- Entries shown -
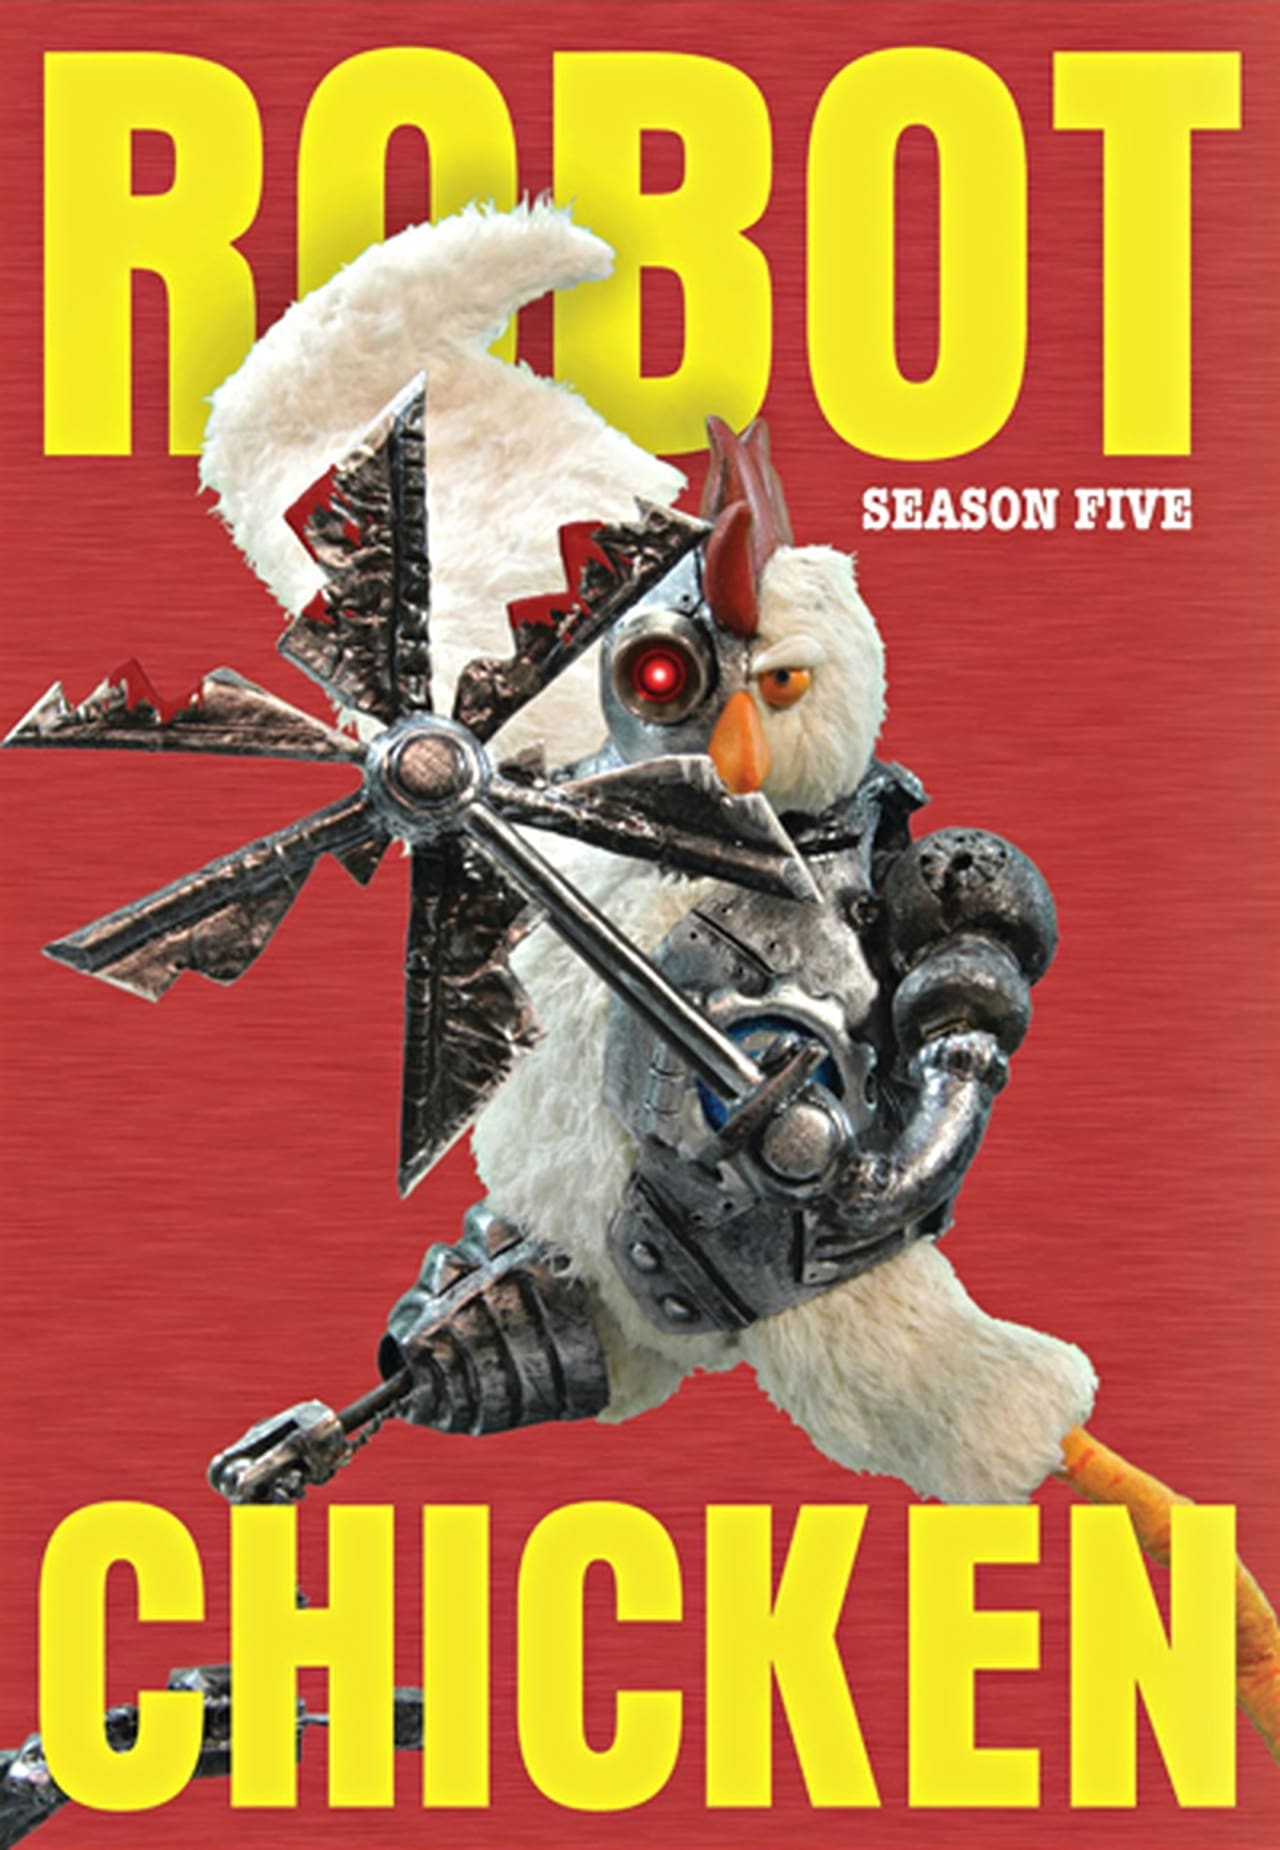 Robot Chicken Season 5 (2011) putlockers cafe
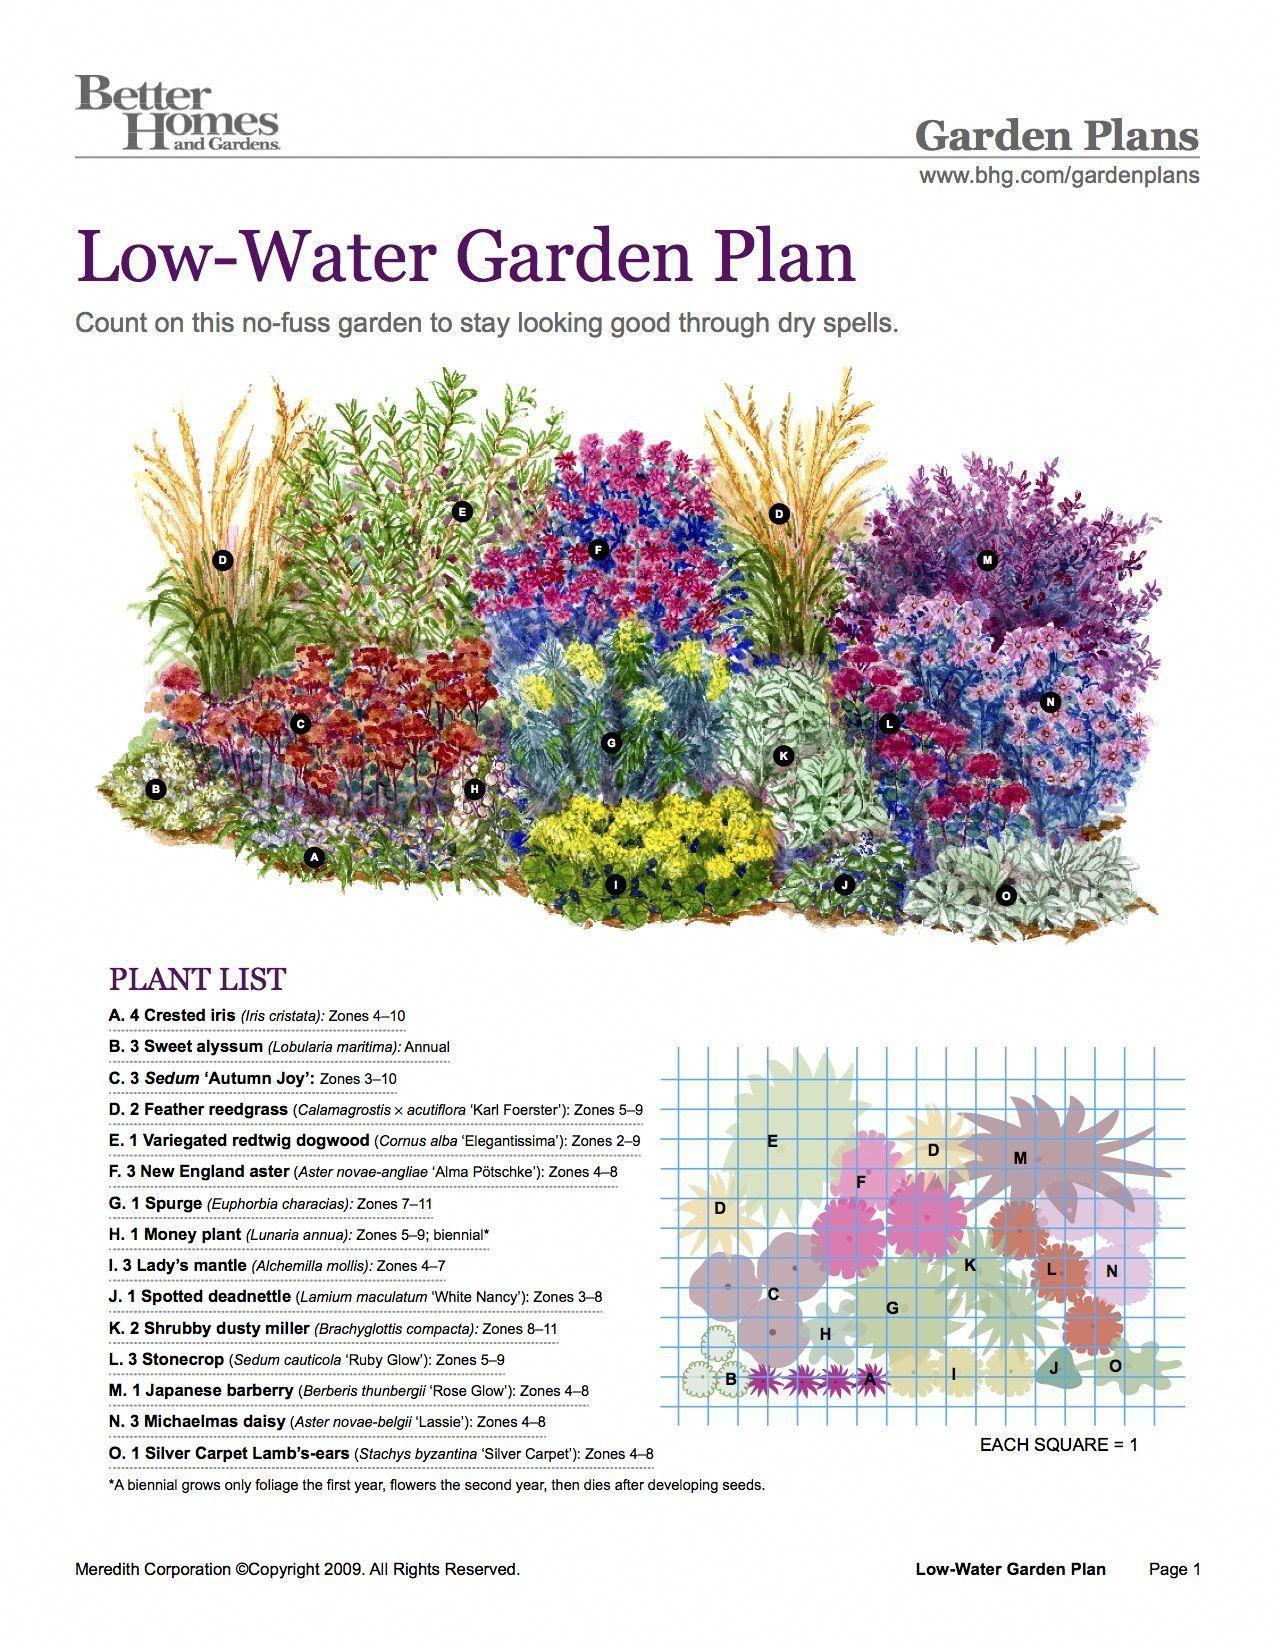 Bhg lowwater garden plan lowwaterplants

---

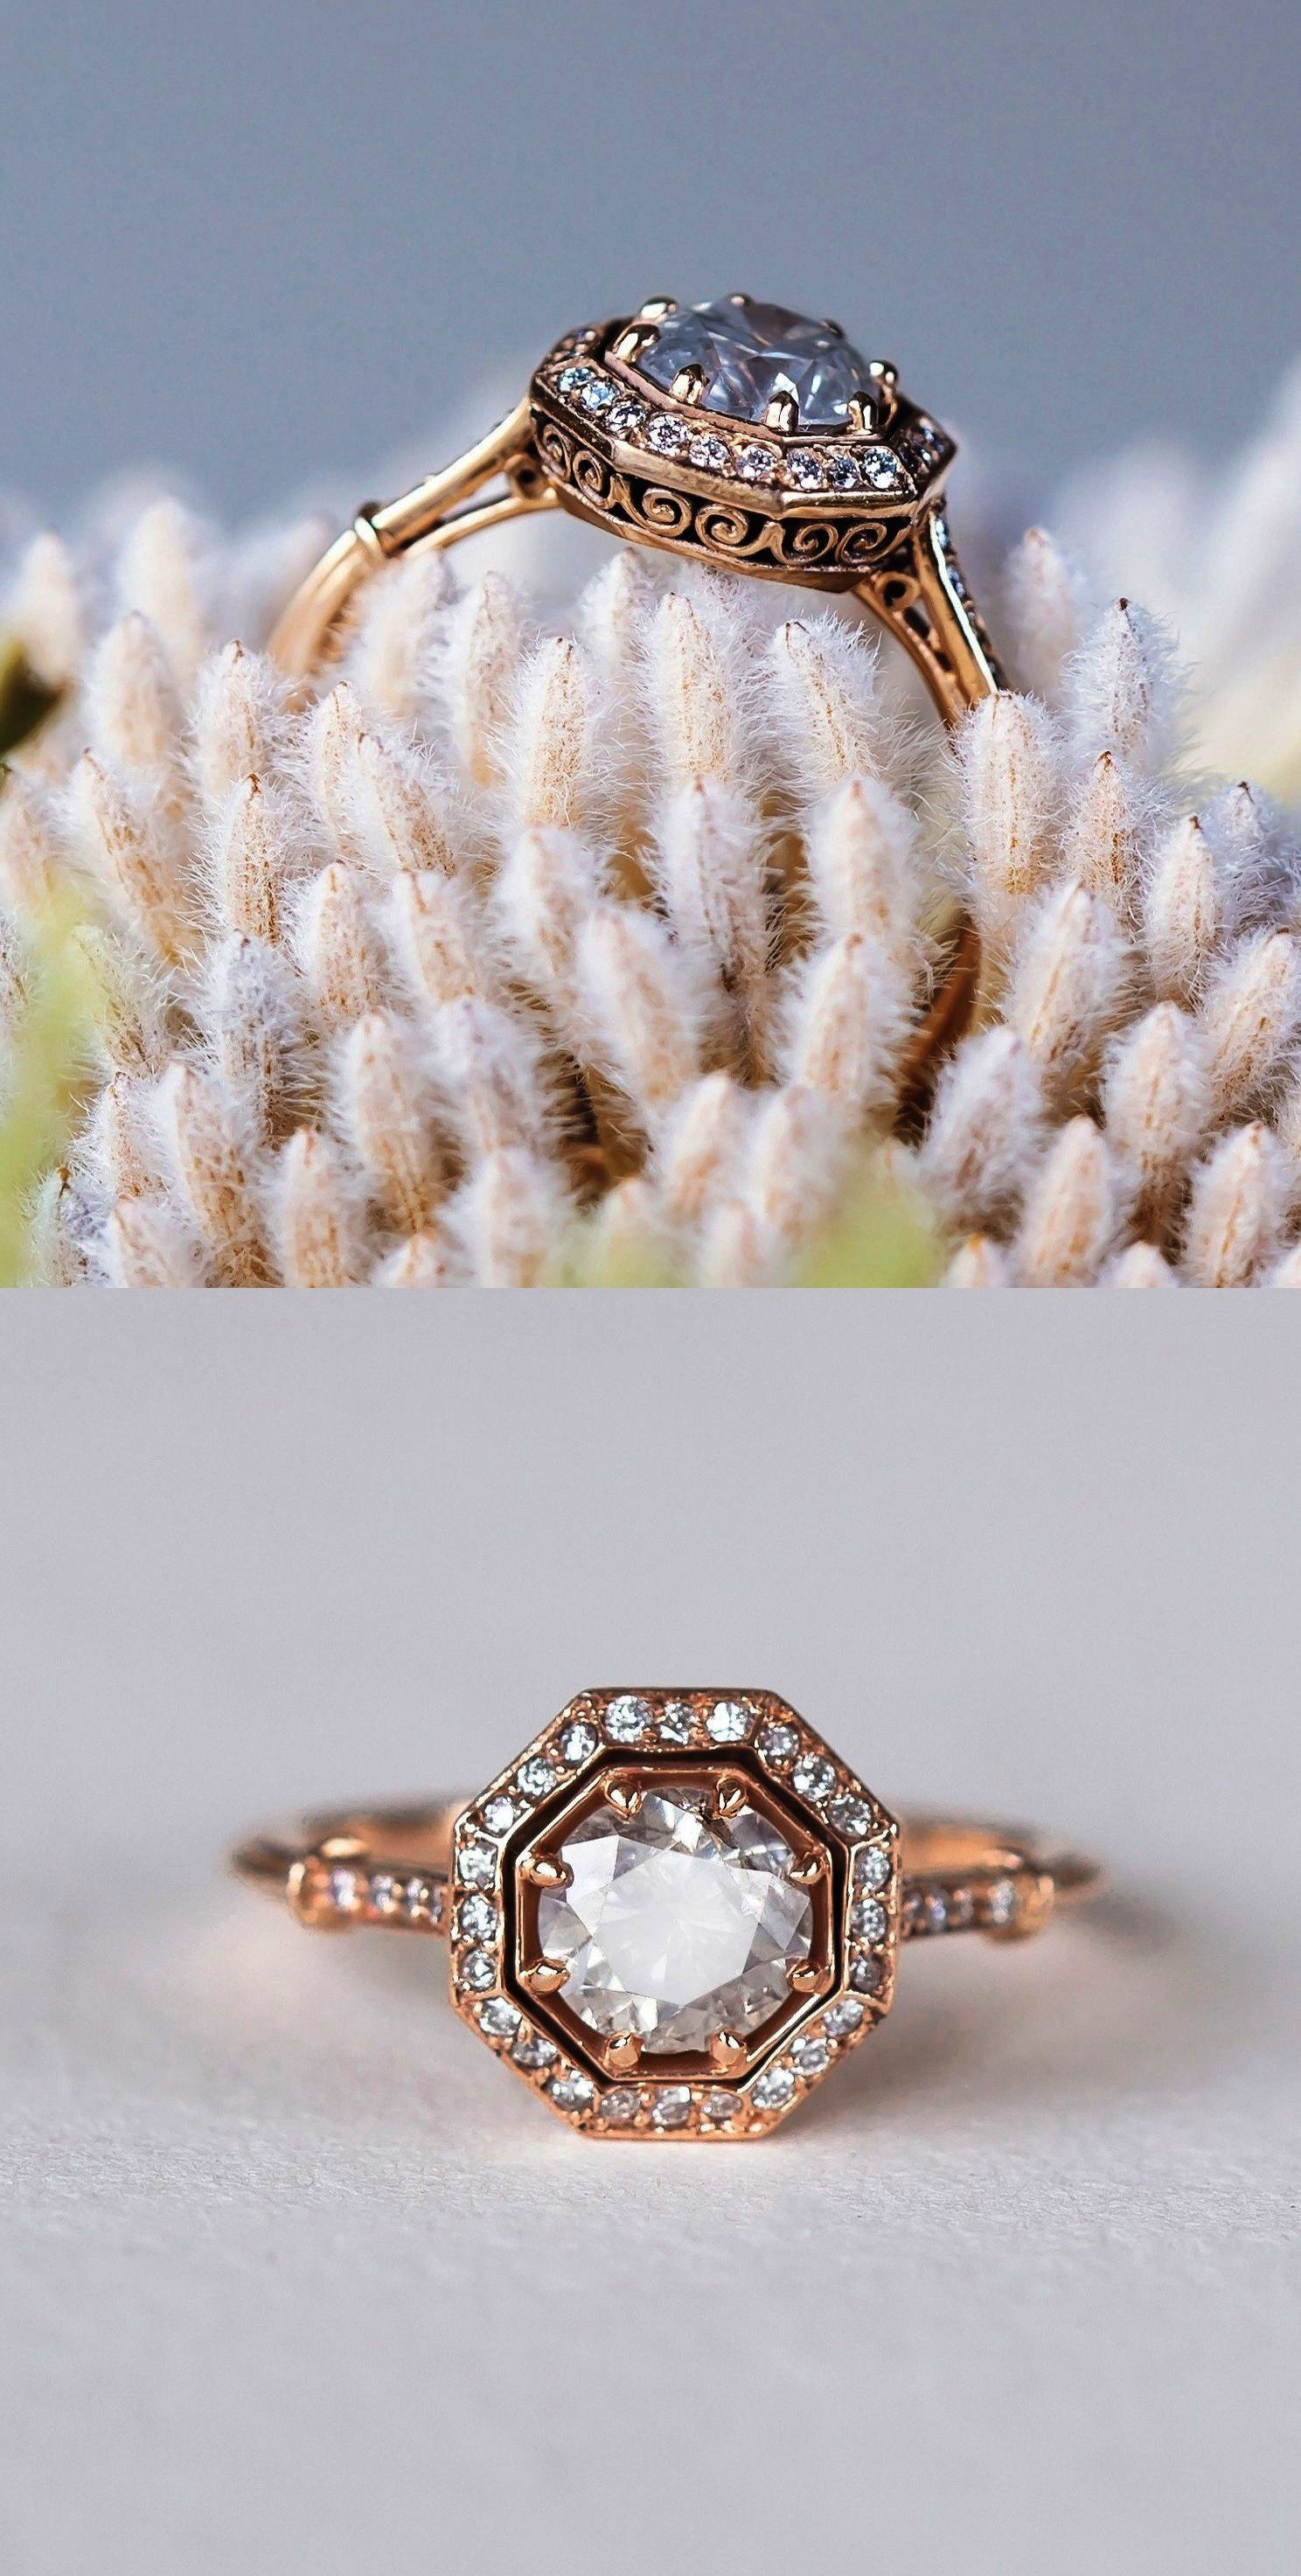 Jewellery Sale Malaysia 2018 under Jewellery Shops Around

...

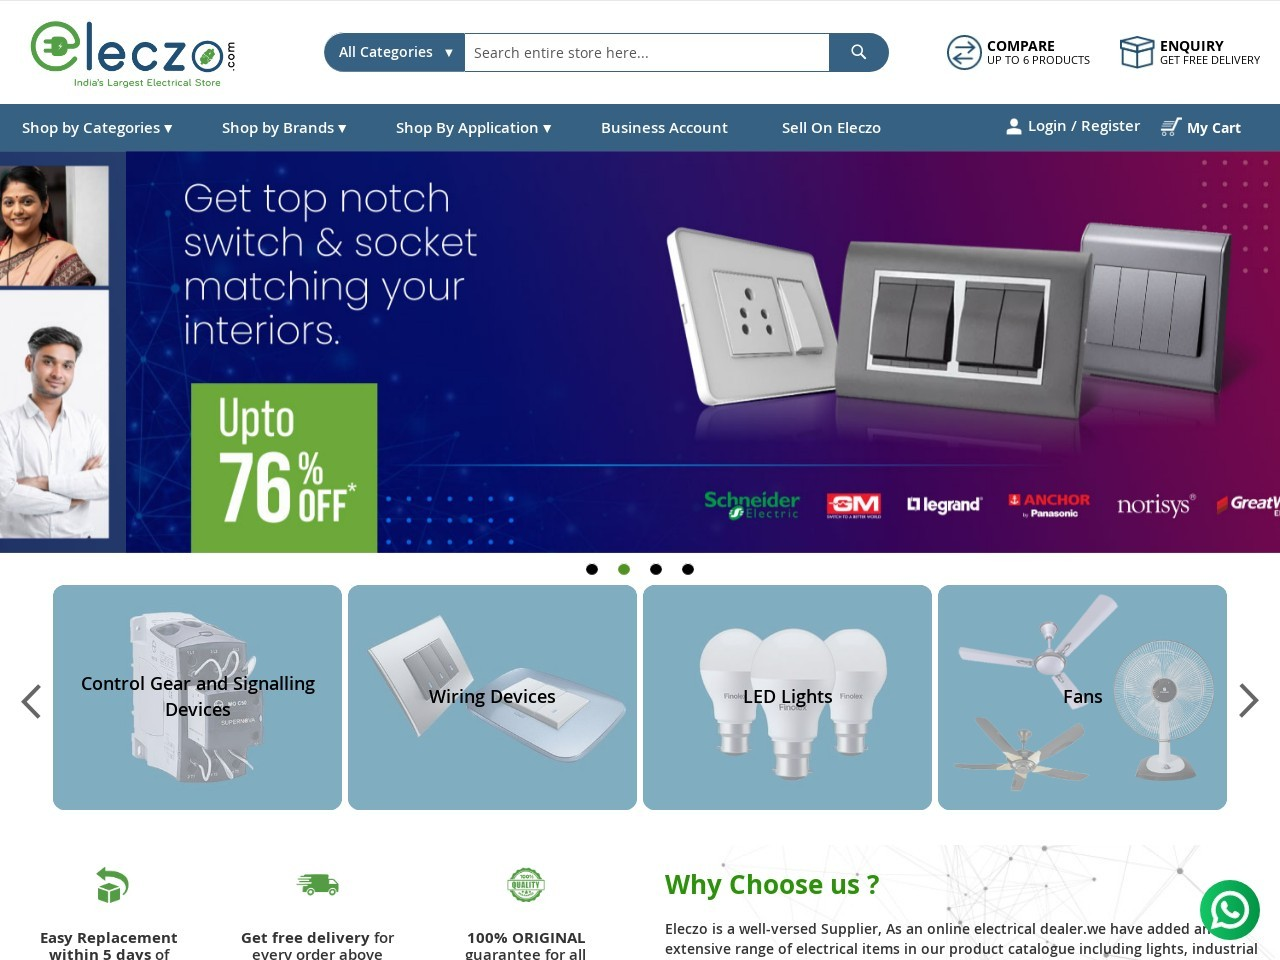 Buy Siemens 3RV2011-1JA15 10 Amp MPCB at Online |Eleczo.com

- Work to complete -
With the pictures omitted, copy the entries above exactly from the line containing "Robot Chicken Season" through the line containing "Bhg lowwater garden plan lowwaterplants", both lines included.

- Exercise output -
 Robot Chicken Season 5 (2011) putlockers cafe
 Bhg lowwater garden plan lowwaterplants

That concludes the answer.